- Add support for getKernelMaxWorkGroupSize(), getKernelCompileWorkGroupSize(), getKernelPreferredWorkGroupSizeMultiple(), getKernelMinimumPrivateMemSizeInUsePerWorkItem() and getKernelLocalMemSizeInUse()
- Fixed Barriers give inconsistent results on NVIDIA backend.
- New Kernel.compile(...) methods for forcing pre-compilation of a kernel without executing it
- Fixed NPE bug for Kernel.getProfileReportCurrentThread(device) and similar methods
- Fixed bug where ClassModel would throw an error when loaded if boot strap methods were 0.
- Aparapi can now run on any OpenCL version rather than failing on untested versions it produces a warning.
- Updated the following dependency versions: ** com.aparapi: aparapi-jni 1.4.2 -> 1.4.3 ** org.apache.bcel:bcel 6.4.1 -< 6.5.0 ** org.scala-lang:scala-library 2.13.1 -> 2.13.4 ** com.syncleus:syncleus 7 -> 8
- Fixed Potential JVM crash when using multi-dimensional arrays (> 1D)

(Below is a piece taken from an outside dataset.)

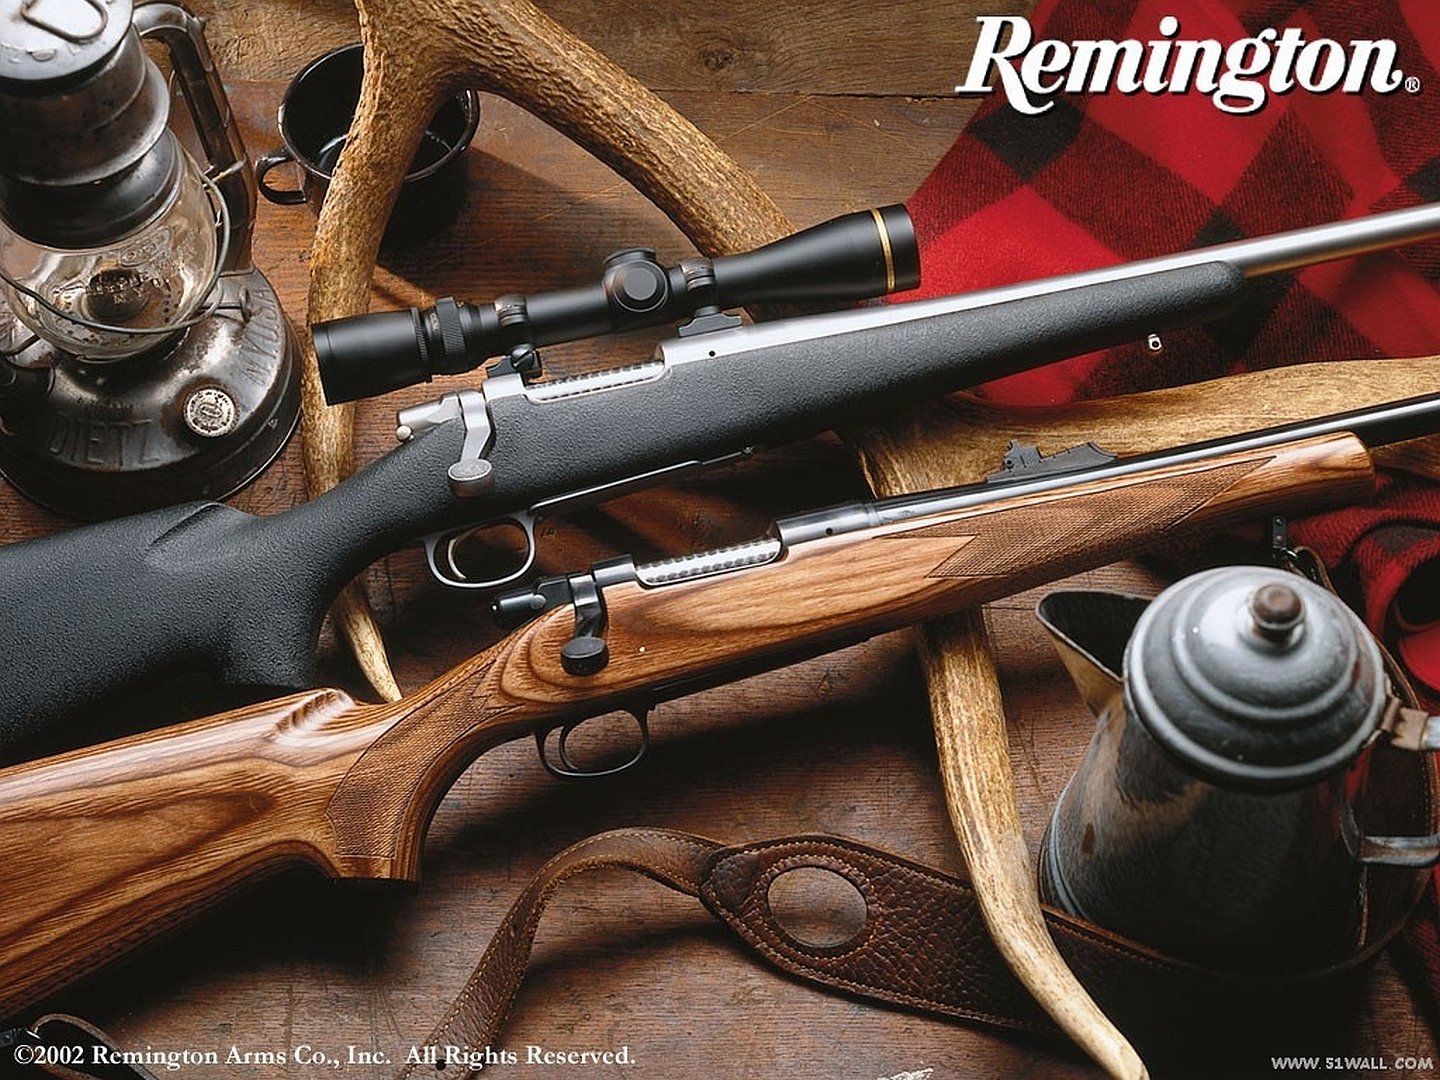 Remington Rifle HD Wallpaper Background Image

- Fixed bug causing wrong Aparapi-native library to be loaded.
- Minimum Java JDK compatible is now 1.8 or higher, used to be 1.7
- Updated the following dependency versions: ** com.aparapi: aparapi-jni 1.4.1 -> 1.4.2 ** org.scala-lang: scala-library 2.12.6 -> 2.13.1 ** net.alchim31.maven: scala-maven-plugin 3.4.1 -> 4.3.0 ** org.apache.bcel: bcel 6.2 -> 6.4.1
- If statements with empty blocks and comparisons outside of if or while statements now compile and run on the GPU.

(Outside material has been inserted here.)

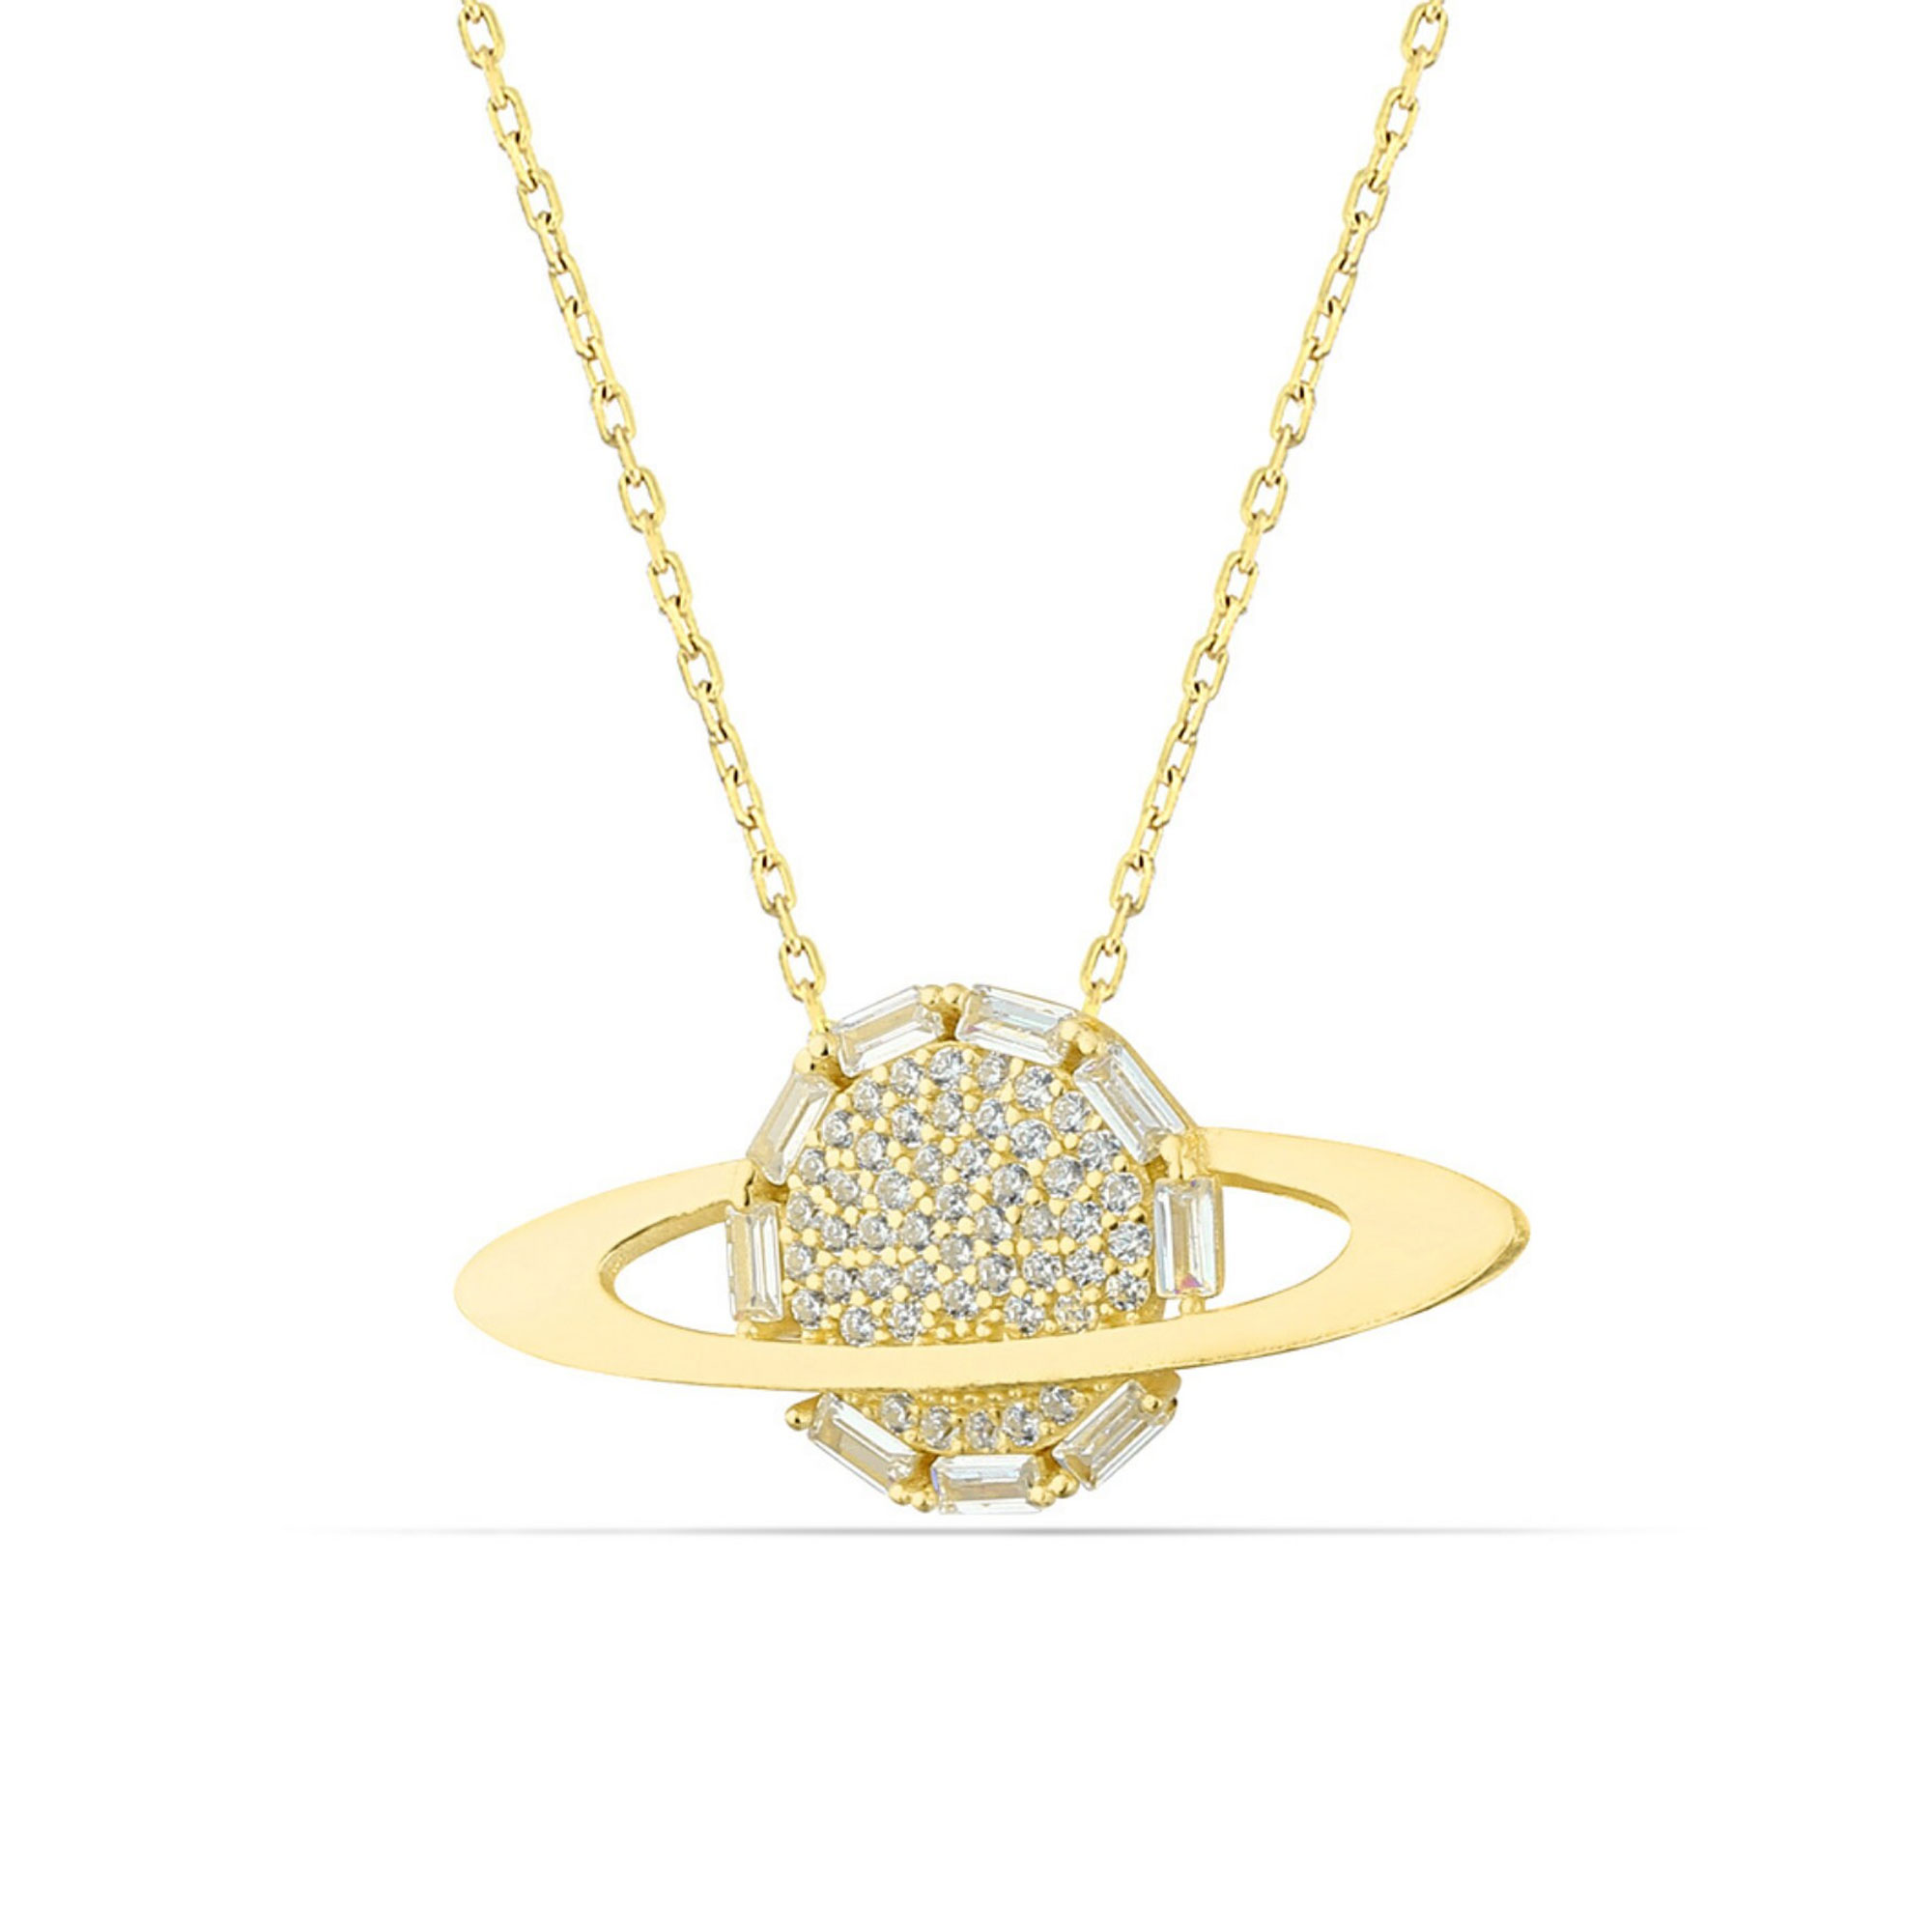 Vintage 22ct Gold Planet Necklace with Black Diamond Beads - felt

- Fix kernel management inconsistencies regarding preferred devices management
- Fix Java execution mode with barriers to not deadlock when a thread dies or is interrupted (InterruptedException)
- Fix Java execution mode to fail-fast when Kernel execution fails
- Java execution mode now provides detailed backtraces of failed Kernel threads including passId, groupIds, globalIds and localIds
- Internal translation of bytecode is now facilitated by the BCEL library
- Scala support has been added (see unit tests).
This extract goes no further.